En 2018 se aprobó, con el voto negativo de la banca del Frente de Izquierda en la Legislatura, la ley 5.961 que creaba el “Distrito Joven”, un territorio que abarca desde una parte de la Reserva Ecológica Ciudad Universitaria-Costanera Norte hasta Costa Salguero. La ley también autorizaba al Poder Ejecutivo el otorgamiento en concesión, el uso y explotación de los espacios de dominio público por diez años.

Finalmente, a finales del año pasado, en una sesión escandalosa, se votó una nueva ley que autorizó la disposición (es decir la posibilidad de venta) de los inmuebles correspondientes a Costa Salguero y Punta Carrasco junto a otros 100 inmuebles pertenecientes a la Ciudad.

El proyecto, la opulencia y la perspectiva de les trabajadores

El proyecto ganador del concurso para la construcción de esta parte del Distrito Joven prevé la creación de un nuevo Puerto Madero en lo que hoy es un terreno público. Se permiten construcciones de hasta 30 metros de altura con fines comerciales, recreativos y de vivienda. Es decir, hotelería y viviendas de lujo que abonan a una mayor especulación inmobiliaria y una ciudad más “opulenta” para un sector cada vez más ínfimo de la misma.

La contracara de esto es la realidad de les trabajadorxs de la ciudad que se expresa, en mayor contraste, a 900 metros de Costa Salguero, en la Villa 31 Bis. Hoy, más de un millón de porteñes (33,6% de la población de CABA) se encuentra por debajo de la línea de la pobreza y dentro de ese porcentaje, casi el 16% de lxs trabajadorxs se encuentra bajo la línea de la indigencia, es decir que no alcanzan siquiera el valor de la canasta básica de alimentos.

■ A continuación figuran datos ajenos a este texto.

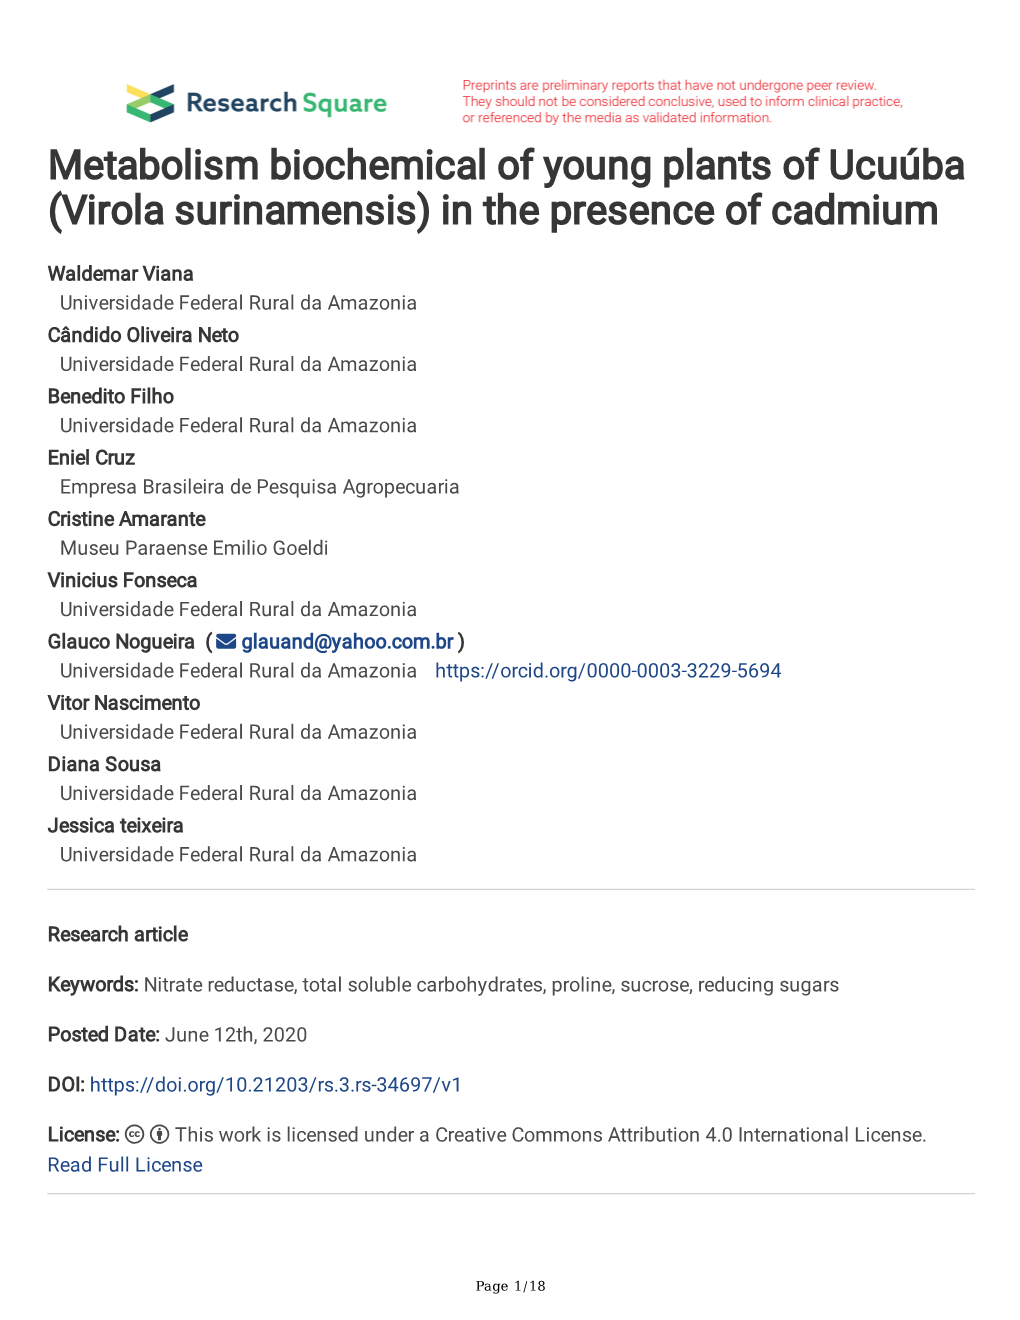 Virola Surinamensis) in the Presence of Cadmium

La realidad porteña, que es solo una muestra de una pobreza creciente y una pauperización de las condiciones de vida del conjunto del proletariado nacional, se verá agravada por el plan de ajuste del gobierno de Alberto Fernández y el FMI. La profundización de la crisis capitalista, las paritarias a la baja, la devaluación y los despidos se traducirán concretamente en una mayor expulsión de trabajadorxs de la Ciudad por la imposibilidad de pagar alquileres exorbitantes.

Rechazaremos siempre la venta de terrenos públicos, desde ya, y por eso suscribimos a la carta. Pero sumamos que, para cambiar la perspectiva de la ciudad -que hoy le da la espalda al río y a sus trabajadores-, garantizar el derecho a la vivienda, al medio ambiente, a poder gozar en plenitud de la Ciudad y su ribera, se requiere de la intervención de las vecinas y los vecinos, de la conjunción de la lucha de trabajadorxs ocupades y desocupades para que la crisis la paguen los capitalistas, para que se terminen sus negociados en la ciudad a costa de nuestros derechos básicos y, en definitiva, para terminar con la organización social vigente, en pos de desarrollar una en la que la planificación urbana esté al servicio de las necesidades de les trabajadorxs.